61. The non-transitory computer-readable medium of claim 50, wherein the plurality of transceiver nodes operates in a range of 1 hrz-200 khz.

62. The non-transitory computer-readable medium of claim 50, wherein the plurality of transceiver nodes is configured into a multi-static radar array.

63. The non-transitory computer-readable medium of claim 50, wherein the processor directs the plurality of transceiver nodes to operate as an adjustable pulse radar array, and wherein the processor employs intrapulse modulation and pulse compression to improve range resolution.

64. The non-transitory computer-readable medium of claim 50, wherein the target acquisition protocol includes frequency data, information about a desired number and position of transceiver nodes, depth data, geological feature data, dielectric property data, waveform data, and cumulative output gain data.

65. The non-transitory computer-readable medium of claim 50, wherein each of the plurality of transceiver nodes are wirelessly coherent and wirelessly coupled to form a multi-static phased array.

66. The non-transitory computer-readable medium of claim 50, wherein the plurality of transceiver nodes employs near-field electromagnetic induction during the cohered characterization operation.

67. The non-transitory computer-readable medium of claim 50, wherein the plurality of transceiver nodes operates as a radar system whenever an electromagnetic echo return is received from the at least one target.

68. The non-transitory computer-readable medium of claim 67, wherein the at least one target is within a Fresnel zone of at least one arbitrary transceiver node from the plurality of transceiver nodes.
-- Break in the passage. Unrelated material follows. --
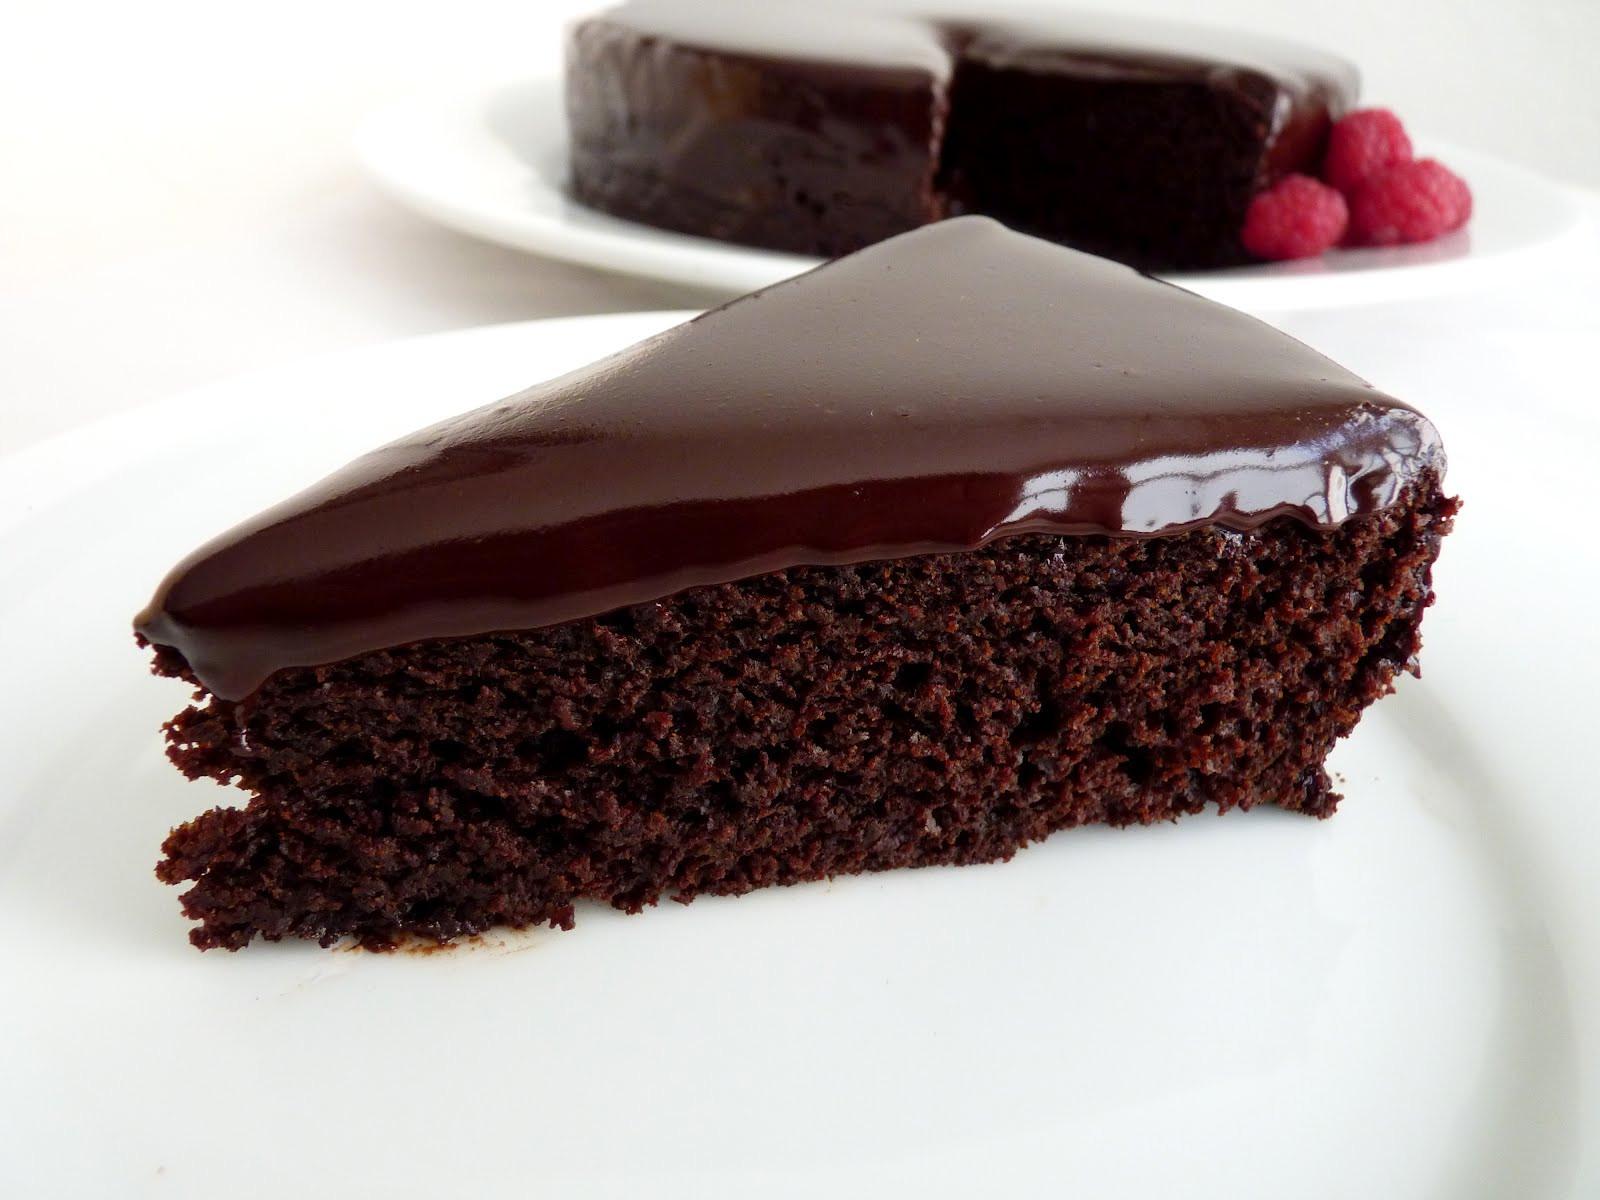 Chocolate Cake Ingredients  pastry studio Double Chocolate Cake

69. The non-transitory computer-readable medium of claim 50, wherein the processor applies non-linear predistortion methods that use a known electrical permittivity of the earth and a known reference source to account for non-linearities in the deep earth.

70. The non-transitory computer-readable medium of claim 50, wherein each of the plurality of transceiver nodes includes at least one low frequency solid-state power amplifier that operates within a range of 0.1 Hz to 1 MHz.

71. The non-transitory computer-readable medium of claim 70, wherein the at least one solid-state power amplifier transmits a wideband chirp waveform to produce high-resolution profiles of subsurface features.

72. The non-transitory computer-readable medium of claim 70, wherein the at least one solid-state power amplifier produces a non-continuous chirp waveform across several frequency bands.